FID get "nan" or "complex number"

Question

FID get "nan" or "complex number"

ZhimingZhou opened this issue 7 years ago · comments

Zhiming Zhou commented 7 years ago

Hi,

I'm trying FID.

I get "nan" or "complex number", which stems from the "sp.linalg.sqrtm".

Have you ever faced similar issues? How should I solve this problem?

Thanks a lot.

Martin Heusel · Answer 1 · Wed Nov 22 2017 19:23:47 GMT+0800 (China Standard Time)

Hi,
to calculate the covariance matrix you need at least 2048 examples, which is the dimension of the Inception coding layer, otherwise the covariance matrix is not full rank and you get indeed complex numbers. Maybe that's the reason here?

Zhiming Zhou · Answer 2 · Thu Nov 23 2017 16:17:47 GMT+0800 (China Standard Time)

Thanks for your response. It does solve my problem. It needs more samples to avoid complex numbers.

Zhiming Zhou · Answer 3 · Thu Nov 30 2017 22:03:44 GMT+0800 (China Standard Time)

Hi,

With enough samples, it does not get complex numbers.

But it still gets "nan" sometimes. How should I fix this problem?

Thanks for your help!

Thomas Unterthiner · Answer 4 · Thu Nov 30 2017 22:09:17 GMT+0800 (China Standard Time)

Hi!
In my experience this happens when a model mode-collapses, so that the covariance matrix hasn't got full rank (or rather: a rank smaller 2048). Have you tried plotting the images you get, to see if this is the case?

Zhiming Zhou · Answer 5 · Fri Dec 01 2017 17:32:35 GMT+0800 (China Standard Time)

Hi,

Thanks for your reply!
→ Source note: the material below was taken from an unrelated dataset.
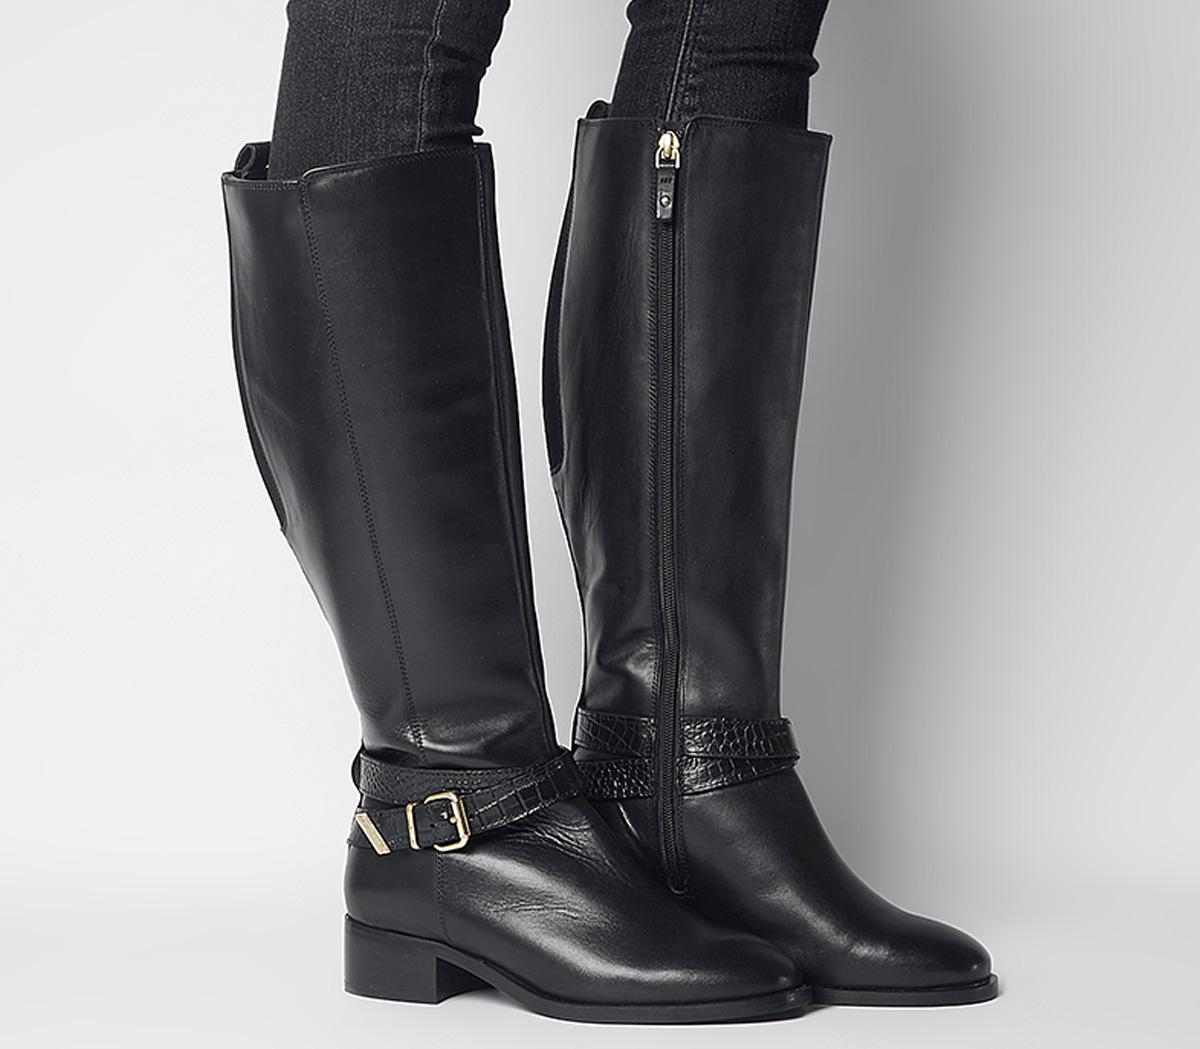 wide fit knee high black boots

I'm using FID with a different pretrained model, where the activation only has 250 dimensions. I checked the covariance matrix but found that even the covariance matrix for the training data is not full rank.

It seems possible to get not full rank when the pretrained network has not constrained on its activation space. (right?) As an inference, the Inception model's activation space usually has a full rank covariance matrix. Still, with mode collapsed data, it gets not full rank and people would get "nan".
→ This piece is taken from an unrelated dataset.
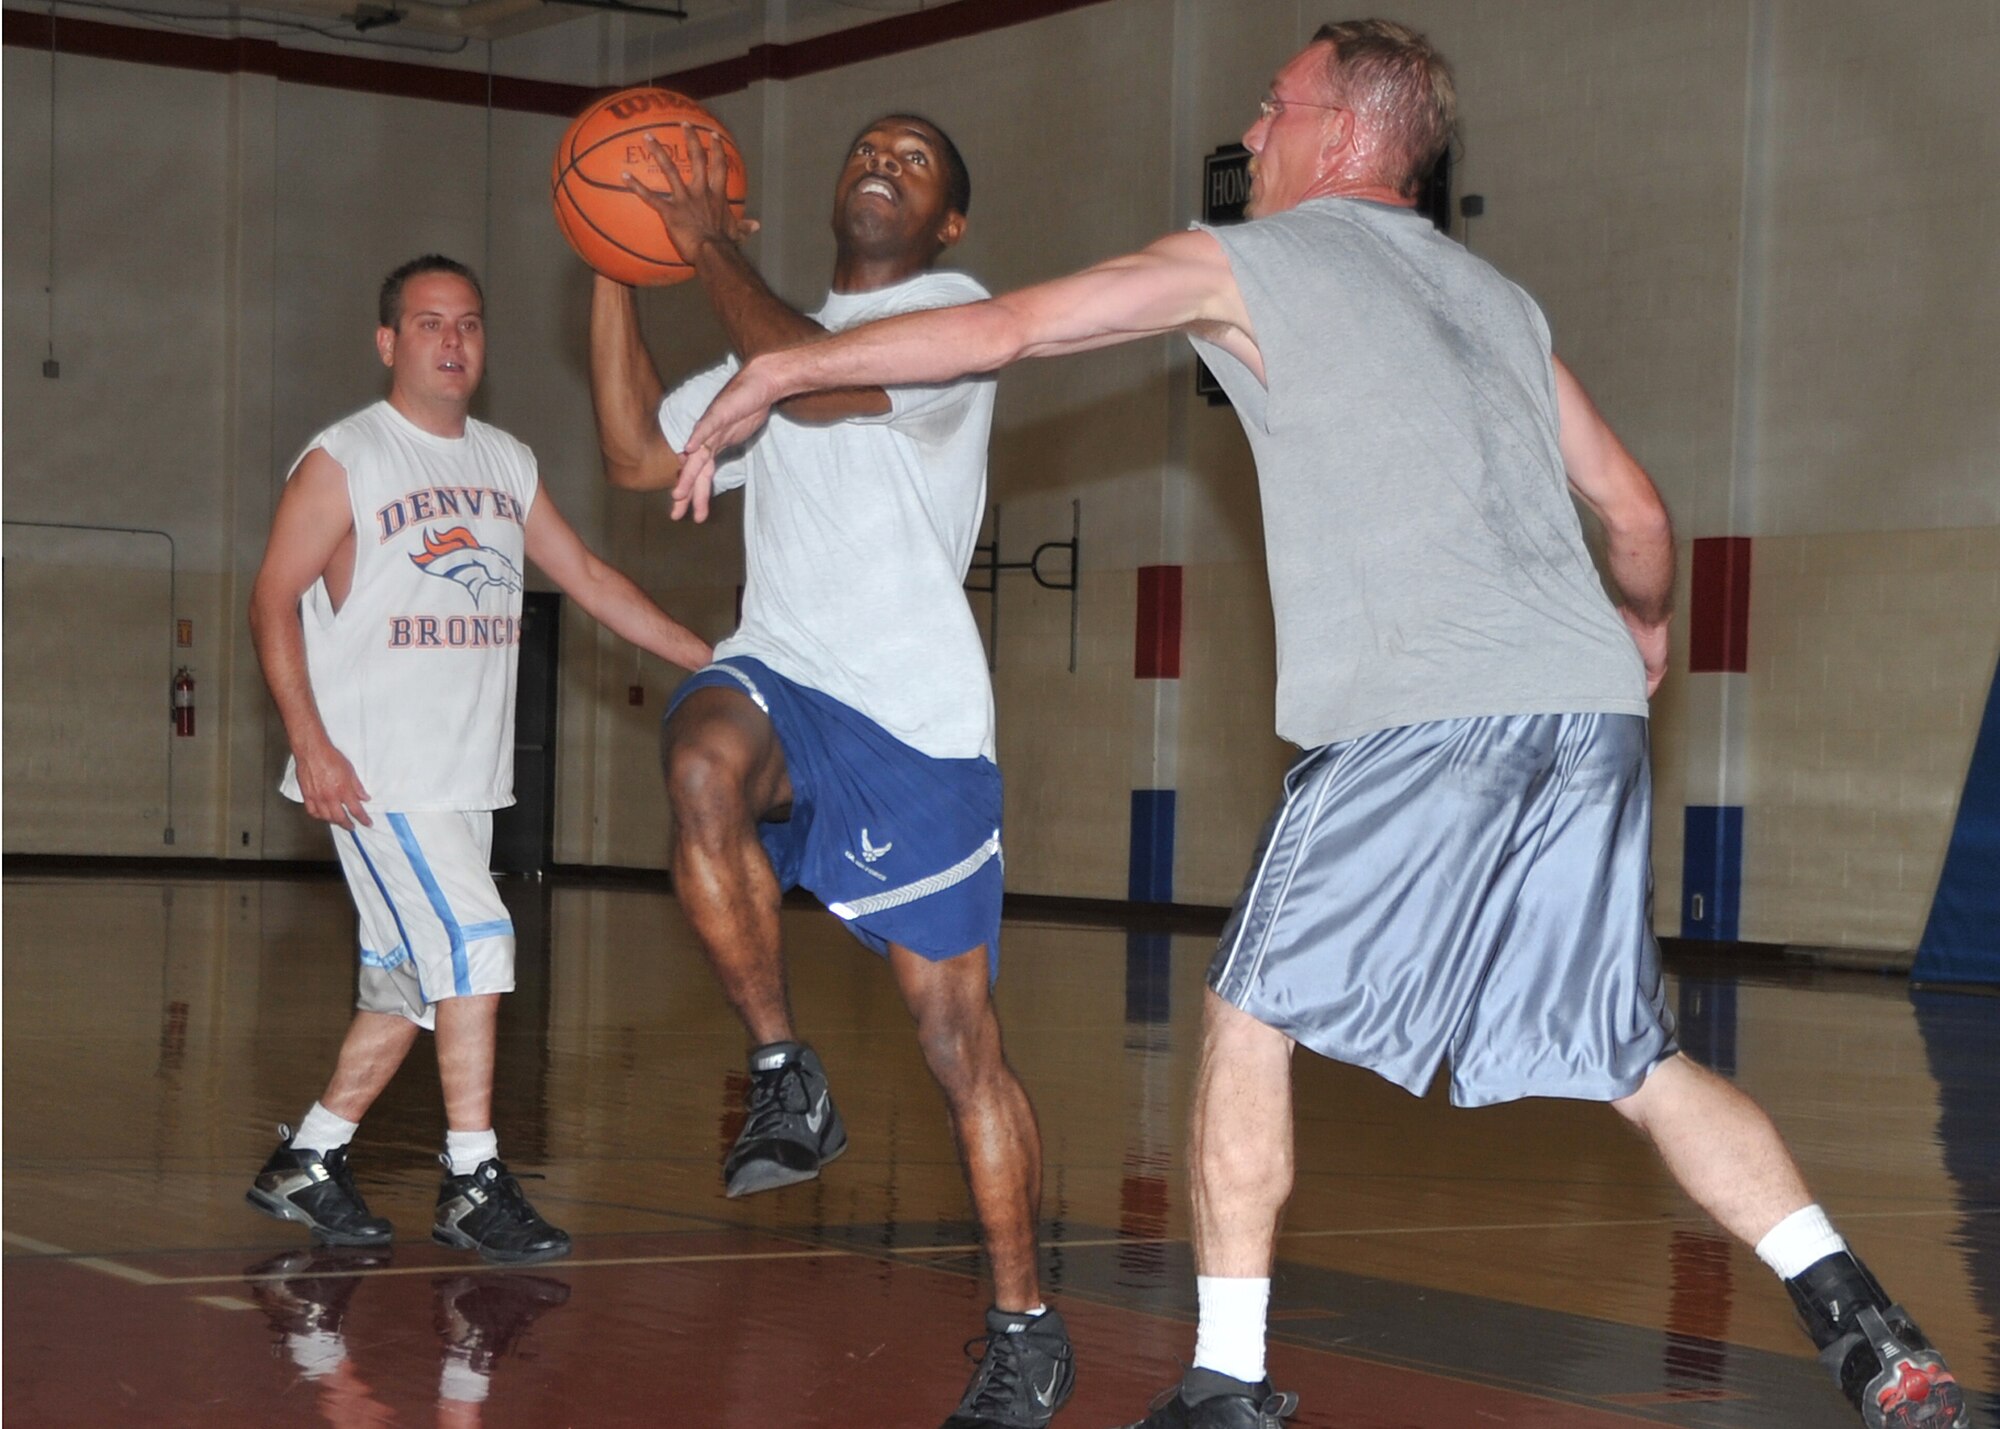 Staff Sgt. Daniel Treadway, 377th Security Forces Squadron, lays up a shot in the 3 on 3 basketball tournament Oct. 13 as part of Wing Sports Day events at the East Fitness Center.  U.S. Air Force Photo by Todd Berenger

Requiring a full rank covariance matrix in the activation space makes the FID slightly hard to use in practice. Is it ok to simply use the square distance between the mean and covariance? what's the benefit of Fréchet Distance?

elggurts · Answer 6 · Fri Feb 02 2018 16:41:28 GMT+0800 (China Standard Time)

@ZhimingZhou
Hi，my program is stuck at the step "sp.linalg.sqrtm"，do you know the reason?

Danica J. Sutherland · Answer 7 · Tue Feb 06 2018 22:07:30 GMT+0800 (China Standard Time)

Here's some code I've used that's a little more forgiving about numerical errors:

import numpy as np
from scipy import linalg
import warnings

def fid(mn1, cov1, mn2, cov2, eps=1e-6):
    mn1 = np.atleast_1d(mn1)
    mn2 = np.atleast_1d(mn2)
    
    cov1 = np.atleast_2d(cov1)
    cov2 = np.atleast_2d(cov2)
    
    diff = mn1 - mn2
        
    # product might be almost singular
    covmean, _ = linalg.sqrtm(cov1.dot(cov2), disp=False)
    if not np.isfinite(covmean).all():
        warnings.warn(("fid() got singular product; adding {} to diagonal of "
                       "cov estimates").format(eps))
        offset = np.eye(d) * eps
        covmean = linalg.sqrtm((cov1 + offset).dot(cov2 + offset))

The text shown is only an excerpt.